Application Before the Court

  1. The application to the Court sets out three grounds of review and refers to five orders that the applicant seeks which are, essentially, additional complaints regarding the Tribunal’s decision.

  2. The “Orders” and grounds are in the following terms:

    “Orders sought by Applicant

    1, I don’t think DIAC and RRT’s decision are fair and reasonable as they failed to take a good consideration in my commitment of religion, ignoring my background and actual practice of Christian in China and Australia.

    2, RRT did not consider our statement and comments given to the questions asked in the hearing and judge my faith simply by knowledge, instead of real practice and fact.

    3, RRT failed to prudently consider our risk, especially our commitment to paralyzing if we return to origin.

    4, RRT failed to consider our statements, explanation, and evidence provided in supporting our claim as a whole.

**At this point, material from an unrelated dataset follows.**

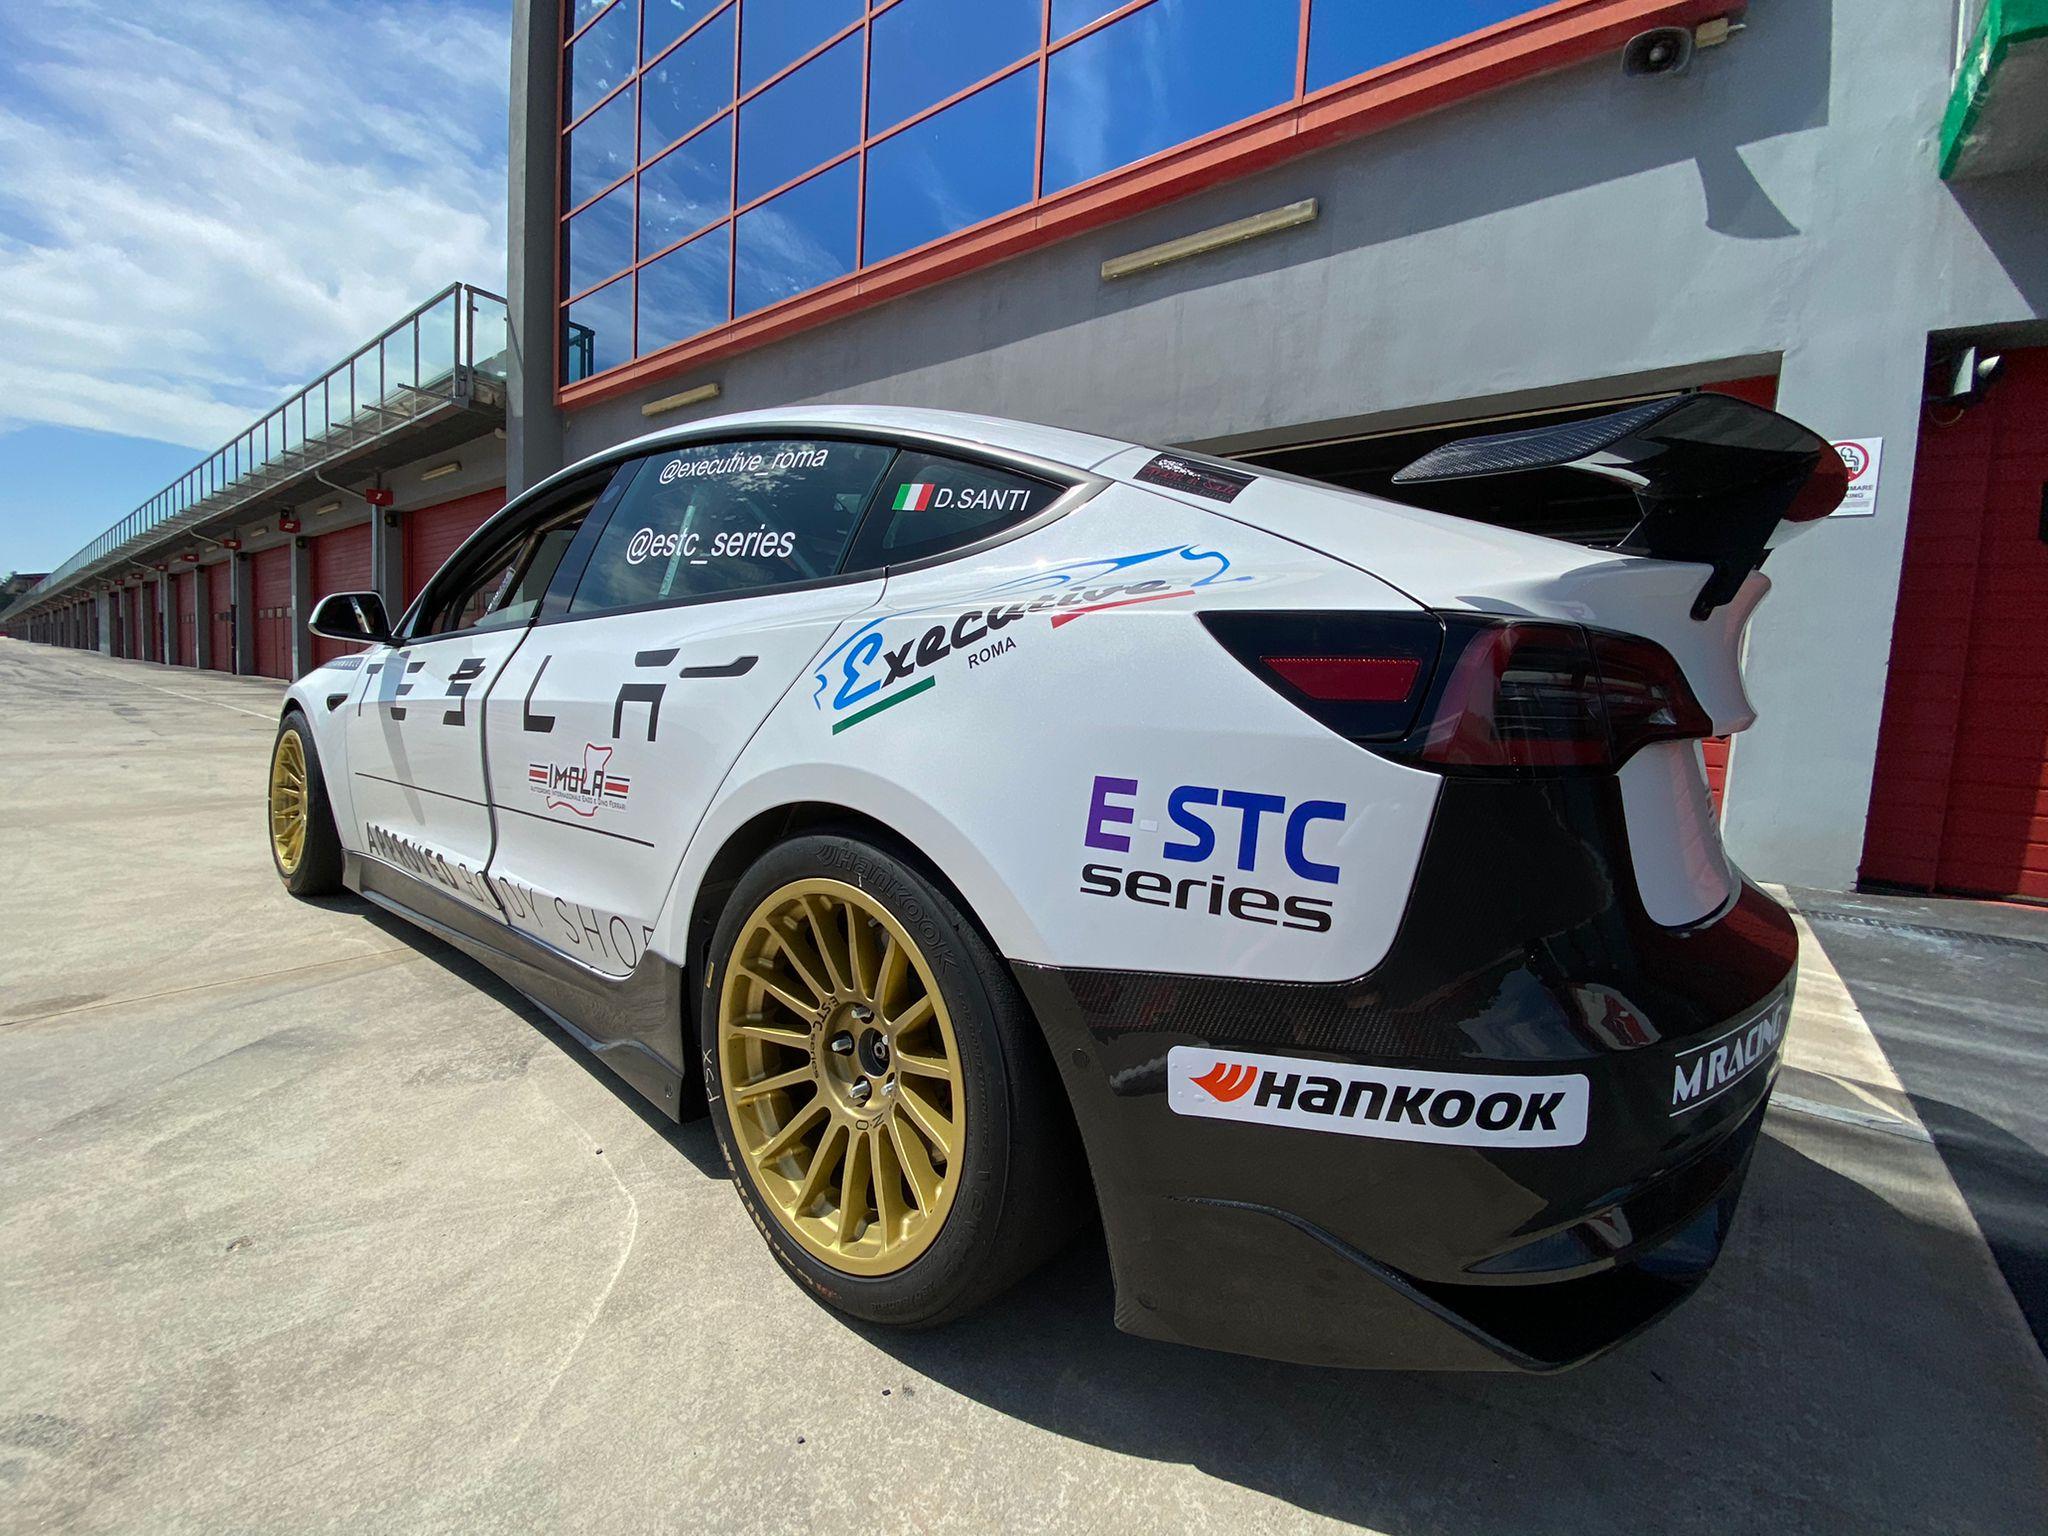 Questo fine settimana arriverà ufficialmente il lancio di un nuovo campionato: si chiama E-STC Series

    5, RRT treat our case unfair and unreasonable and did not consider that we will be punished by the Chinese government due to family planning issue

    The Grounds of the Application are:

    1, I have been actively involved in church actives in Australia. my action and religious performance has been evidenced by church elder with reference.

    2, RRT unreasonable suspect of the truthfulness of my claims just because of the absence of the evidence

    3, The tribunal’s decision could give rise to an apprehension of bias in the mind of a reasonable observe”

    [Errors in the original.]

  3. The applicant’s “Orders” repeatedly use the first person plural (“our”) in referring to the complaints about the Tribunal. I note that no other person applied for the protection visa with the applicant, nor sought review by the Tribunal, nor attended at the hearing.

  4. This could be perceived as an attempt to include a reference to the father of the applicant’s child. However, he is not a party to these proceedings. Nor did he make any application to the Tribunal, or participate in the conduct of the review.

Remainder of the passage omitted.